Test concentrations with justification for top dose:

exp 1 :
0.100, 0.316, 1.00, 3.16, 10.0, 31.6, 100 and 316 nL/plate or TA 100, TA 1535 and TA 1537 (with and without metabolic activation),for TA 98 and 102 (without metabolic activation)
3.16, 10.0, 31.6, 100, 316, 100, 316 and 1000 nL/plate for TA98 and TA 102 with metabolic activation

exp 2
0.050, 0.158, 0.50, 1.58, 5.0, 15.8, 50.0, 158 and 500 nL/plate for all strains with and without metabolic activation

Top doses limited by cytotoxicity (reduction of bacterial background lawn or reduction in the number of revertants down to a mutation factor of approximately ≤ 0.5 of solvent controls)

Vehicle / solvent:

Aqua destillata (purified water)

Details on test system and experimental conditions:

METHOD OF APPLICATION: plate incorporation (Due to severe toxicity of the test item, the confirmatory experiment is carried out according to the plate incorporation method with a different spacing between dose levels)

DURATION
- Preincubation period: NA
- Incubation time: at 37 °C for at least 48 h in the dark

NUMBER OF REPLICATIONS: 3/concentration

DETERMINATION OF CYTOTOXICITY
- Method: reduction of bacterial background lawn or reduction in the number of revertants down to a mutation factor of approximately ≤ 0.5 of solvent control

Evaluation criteria:

A test item is considered as mutagenic if:
- a clear and dose-related increase in the number of revertants occurs and/or
- a biologically relevant positive response for at least one of the dose groups occurs
in at least one tester strain with or without metabolic activation.
A biologically relevant increase is described as follows:
- if in tester strains TA 98, TA 100 and TA 102 the number of reversions is at least twice as high
- if in tester strains TA 1535 and TA 1537 the number of reversions is at least three times higher
than the reversion rate of the solvent control

Statistics:

NA

Results and discussion

Test resultsopen allclose all

Applicant's summary and conclusion

Conclusions:

The substance is considered non-mutagenic under the conditions of the test.

Executive summary:

The substance was tested in an Ames test in Salmonella typhimurium strains TA 98, TA 100, TA 1535, TA 1537 and TA 102 with and without metabolic activation.

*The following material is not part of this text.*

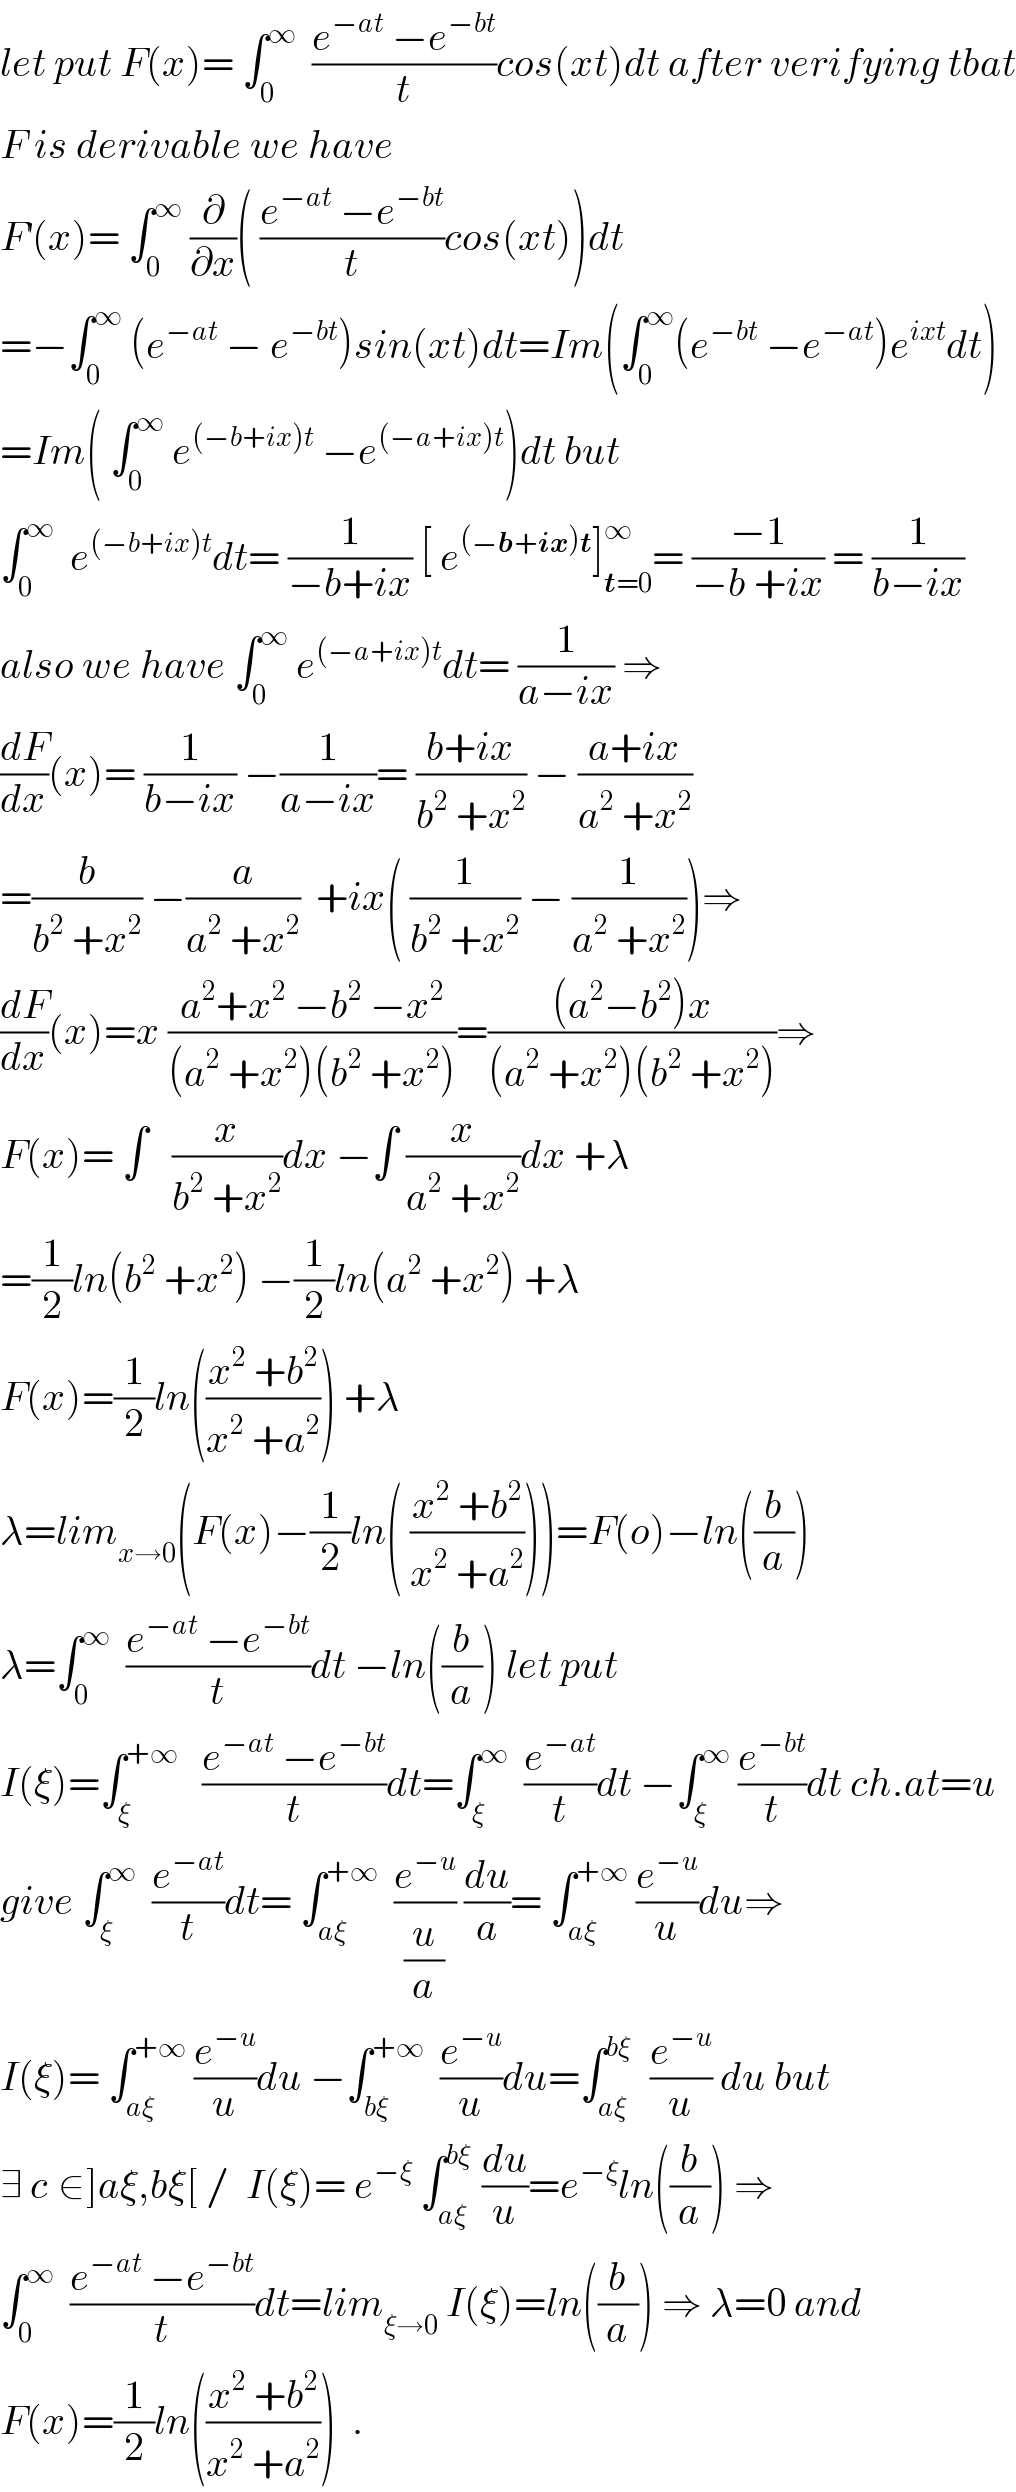 let put F(x)= ∫_0 ^∞   ((e^(−at)  −e^(−bt) )/t)cos(xt)dt after verifying tbat  F is derivable we have  F^′ (x)= ∫_0 ^∞  (∂/∂x)( ((e^(−at)  −e^(−bt) )/t)cos(xt))dt  =−∫_0 ^∞  (e^(−at)  − e^(−bt) )sin(xt)dt=Im(∫_0 ^∞ (e^(−bt)  −e^(−at) )e^(ixt) dt)  =Im( ∫_0 ^∞  e^((−b+ix)t)  −e^((−a+ix)t) )dt but  ∫_0 ^∞   e^((−b+ix)t) dt= (1/(−b+ix)) [ e^((−b+ix)t) ]_(t=0) ^∞ = ((−1)/(−b +ix)) = (1/(b−ix))  also we have ∫_0 ^∞  e^((−a+ix)t) dt= (1/(a−ix)) ⇒  (dF/dx)(x)= (1/(b−ix)) −(1/(a−ix))= ((b+ix)/(b^2  +x^2 )) − ((a+ix)/(a^2  +x^2 ))  =(b/(b^2  +x^2 )) −(a/(a^2  +x^2 ))  +ix( (1/(b^2  +x^2 )) − (1/(a^2  +x^2 )))⇒  (dF/dx)(x)=x ((a^2 +x^2  −b^2  −x^2 )/((a^2  +x^2 )(b^2  +x^2 )))=(((a^2 −b^2 )x)/((a^2  +x^2 )(b^2  +x^2 )))⇒  F(x)= ∫   (x/(b^2  +x^2 ))dx −∫ (x/(a^2  +x^2 ))dx +λ  =(1/2)ln(b^2  +x^2 ) −(1/2)ln(a^2  +x^2 ) +λ  F(x)=(1/2)ln(((x^2  +b^2 )/(x^2  +a^2 ))) +λ  λ=lim_(x→0) (F(x)−(1/2)ln( ((x^2  +b^2 )/(x^2  +a^2 ))))=F(o)−ln((b/a))  λ=∫_0 ^∞   ((e^(−at)  −e^(−bt) )/t)dt −ln((b/a)) let put  I(ξ)=∫_ξ ^(+∞)    ((e^(−at)  −e^(−bt) )/t)dt=∫_ξ ^∞   (e^(−at) /t)dt −∫_ξ ^∞  (e^(−bt) /t)dt ch.at=u  give ∫_ξ ^∞   (e^(−at) /t)dt= ∫_(aξ) ^(+∞)   (e^(−u) /(u/a)) (du/a)= ∫_(aξ) ^(+∞)  (e^(−u) /u)du⇒  I(ξ)= ∫_(aξ) ^(+∞)  (e^(−u) /u)du −∫_(bξ) ^(+∞)   (e^(−u) /u)du=∫_(aξ) ^(bξ)   (e^(−u) /u) du but  ∃ c_ ∈]aξ,bξ[ /  I(ξ)= e^(−ξ)  ∫_(aξ) ^(bξ)  (du/u)=e^(−ξ) ln((b/a)) ⇒  ∫_0 ^∞   ((e^(−at)  −e^(−bt) )/t)dt=lim_(ξ→0)  I(ξ)=ln((b/a)) ⇒ λ=0 and  F(x)=(1/2)ln(((x^2  +b^2 )/(x^2  +a^2 )))  .

The maximum concentration tested was limited mainly by a reduction in the number of revertants down to a mutation factor of approximately ≤ 0.5 of solvent control. In two independent experiments no biologically relevant increase in revertant colony numbers of any of the five tester strains was observed. Therefore the substance is considered non-mutagenic.